Students missing any classes are required to make up lectures and presentations. All PowerPoint presentations will be available in Schoology.
Students will be allowed to correct and resubmit homework for credit if the original work was turned in on time. Resubmitting multiple choice tests as hard copies with corrections and completed research requirements will be allowed.
Missed Work Policy:
When a student is absent she is required to make up any missed assignments to include, but not limited to, in class presentations, required rehearsals/performances, homework and chapter/unit assessments. By the day the student returns to school, she must contact her teacher(s) to arrange a time to make-up missed work. For all absences, (major illness excepted), students must make up missed assignments within three class meetings of the day she returns to school. Any exceptions to the above can be made at the discretion of the individual teacher but may not exceed If, after the maximum period of ten school days the student still has not made up the work she will receive a zero grade for the missing work. (p. 24)
The Rules of Netiquette
Netiquette (net + etiquette) is the “code of conduct” applied to online spaces. Netiquette is just as important (if not more so) than learning technology or mastering the content of this class. The importance of netiquette rules will help us create an engaging, respectful, and meaningful learning environment.

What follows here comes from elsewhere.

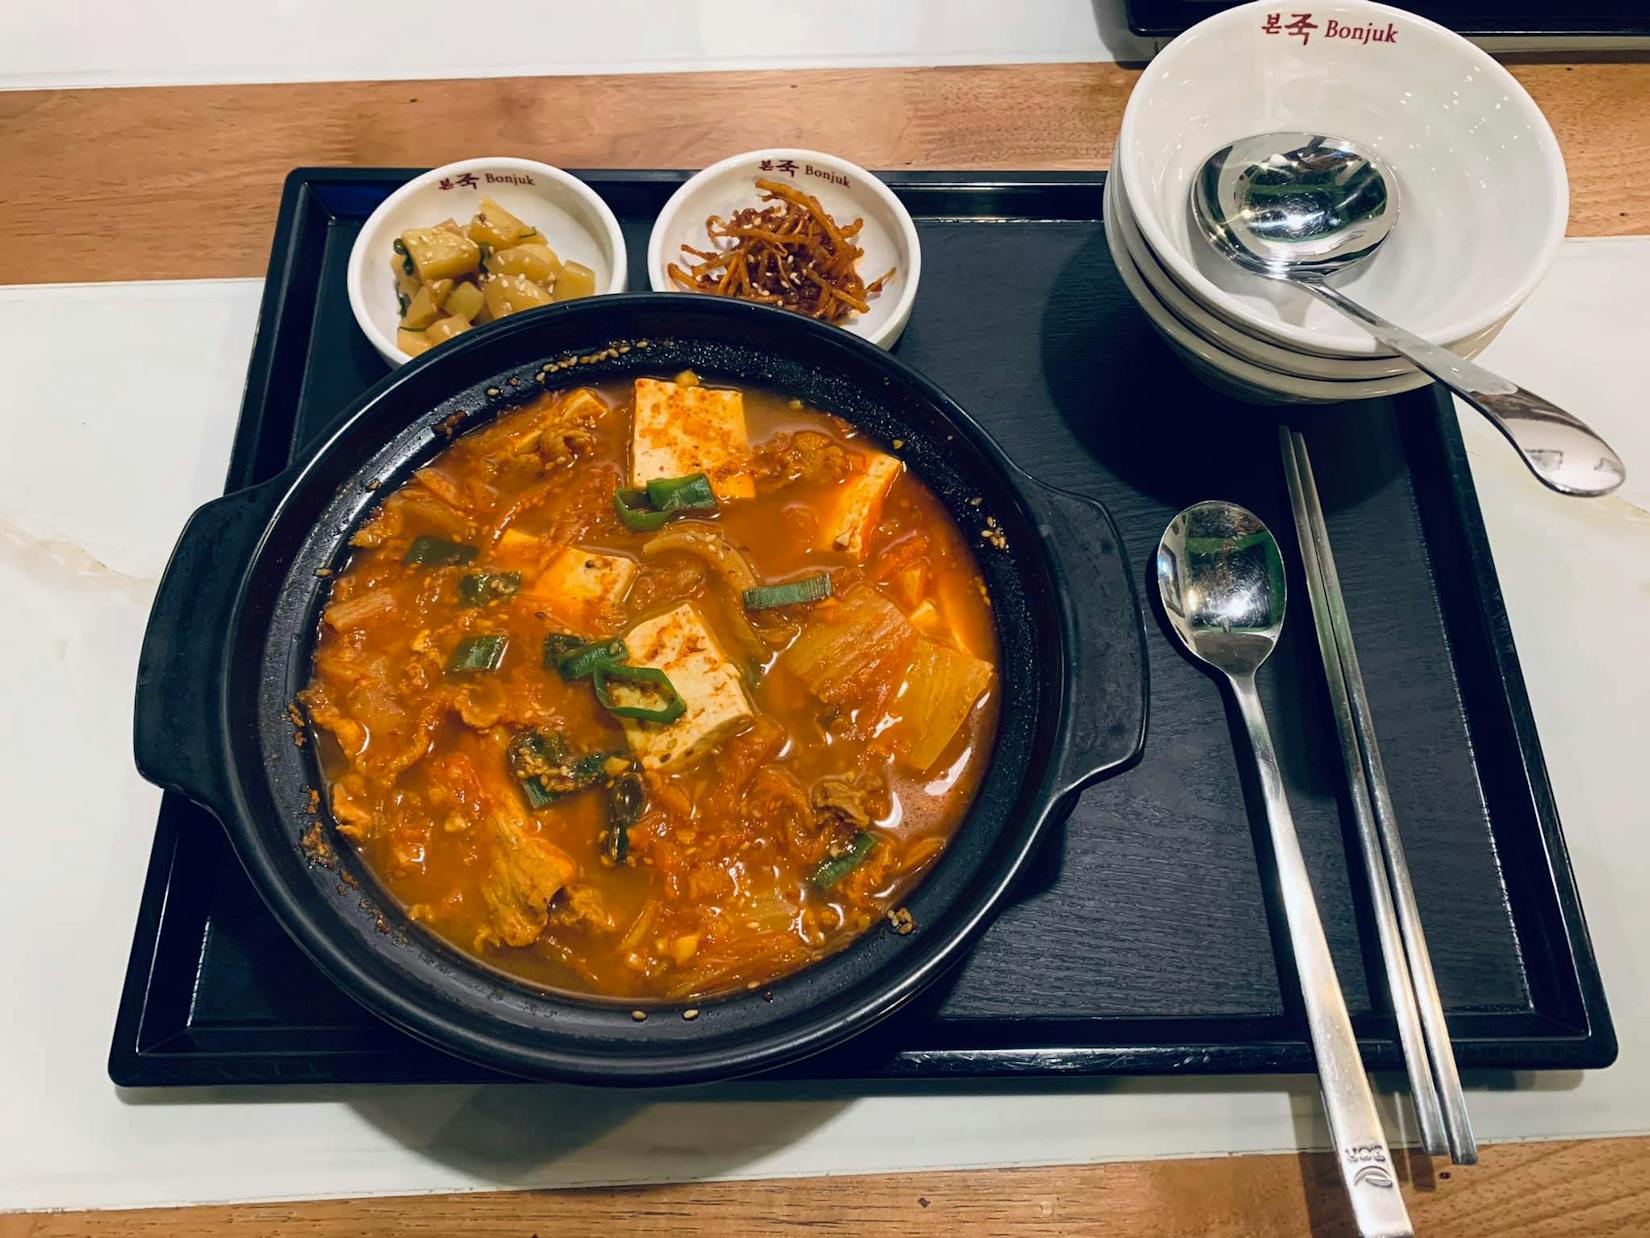 Bonjuk & lunchbox korean restaurant | yathar

Arrive to your online “class” on time.
Reduce noise by using earphones.
Turn your camera on at all times - even if you have to leave your space for a minute or two. I need to see you.
To that point, the camera should be pointed at your face - your whole face and not just the upper half.
Have your workspace be in a well lit location with enough room to work.
Sit up, at a desk or table when you are in class. Your bed is not a suitable work environment.
Wear appropriate clothing, ready for class.